Linux 4.18-rc5 Kernel Released: Regressions Continue To Be Tackled

Written by Michael Larabel in Linux Kernel on 15 July 2018 at 04:57 PM EDT. 4 Comments
LINUX KERNEL
The fifth weekly release candidate for the Linux 4.18 kernel is now available for testing.

Work on Linux 4.18 continues in addressing bug/regression fixes and this next major kernel release should be buttoned up in the next few weeks. Linus Torvalds noted that while the week felt busy for him, the 4.18-rc5 numbers for the churn over the past week didn't turn out all that bad. He noted:
For some reason this week actually felt very busy, but the rc5 numbers show otherwise. It's all small and calm, and things are progressing nicely.

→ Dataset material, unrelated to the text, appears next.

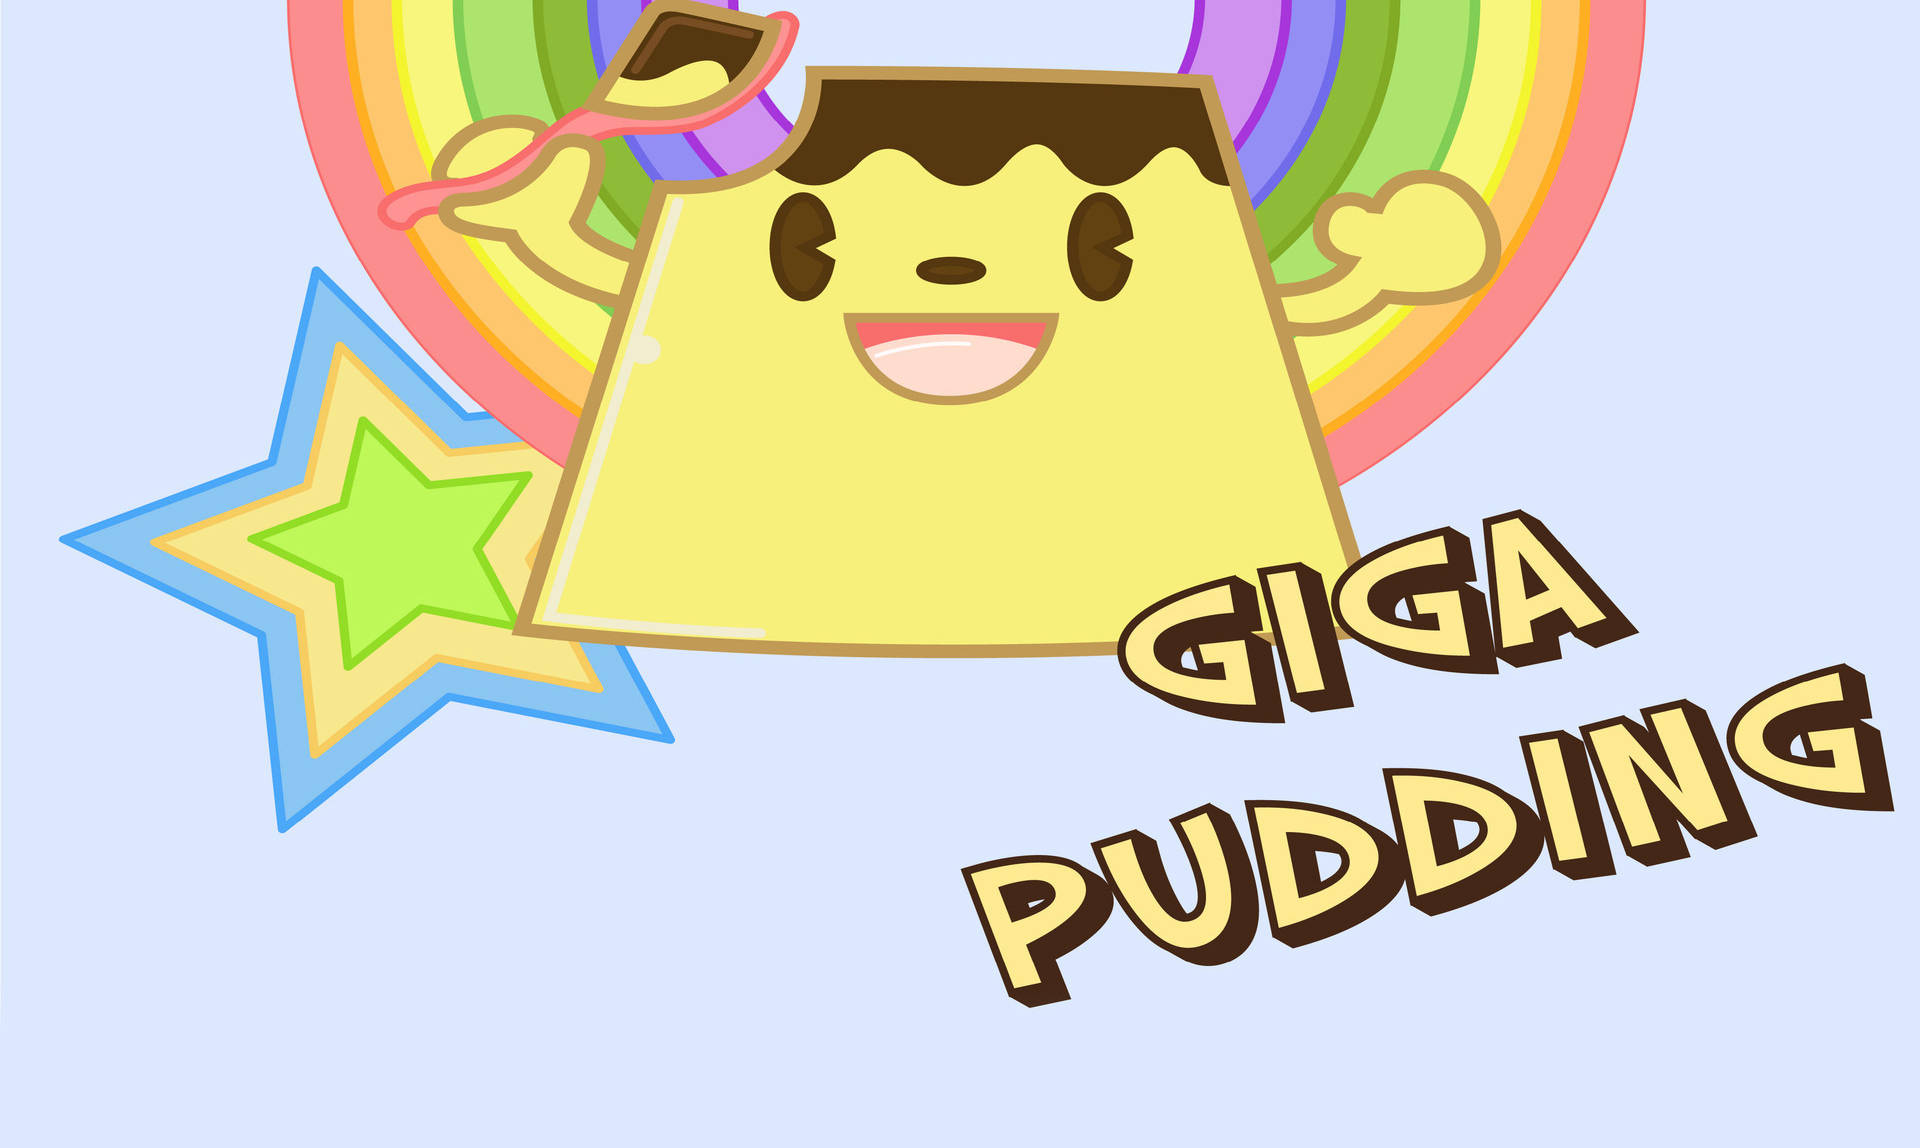 Giga Pudding And Rainbow Meme Wallpaper

I think the "it felt busy" was partly due to me stressing out over a nasty VM bug that turned out to have a trivial two-liner fix. But there were also a fair amount of email threads for future stuff, so that probably also made me feel last week was busier than the actual rc5 tree shows.

Anyway, of what little happened in rc5 (see appended shortlog for details), it's just a fairly random collection of smallish fixes all over. About a third drivers (nothing in particular stands out - rdma, usb, ata, mmc, sound) with the rest being some tooling (mostly perf), some arch updates, some filesystem stuff (mostly reiserfs), some arch fixlets (mips, arm[64], x86) and some misc core kernel (tracing, VM fixes, timers, yadda yadda).

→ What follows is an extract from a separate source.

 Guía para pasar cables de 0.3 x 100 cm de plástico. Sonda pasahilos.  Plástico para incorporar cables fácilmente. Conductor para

And we had a few more interface cleanups for rseq.

Go out and test. The VM thing that annoyed me so much this week isn't actually triggerable for most people (and only happened in rc3 and rc4), but if you hit a "kernel BUG in mm/page_alloc.c" during earlier rc testing, it's fixed (although for most people, if it hit you, it probably just showed as unexplained hung machine under moderate memory pressure).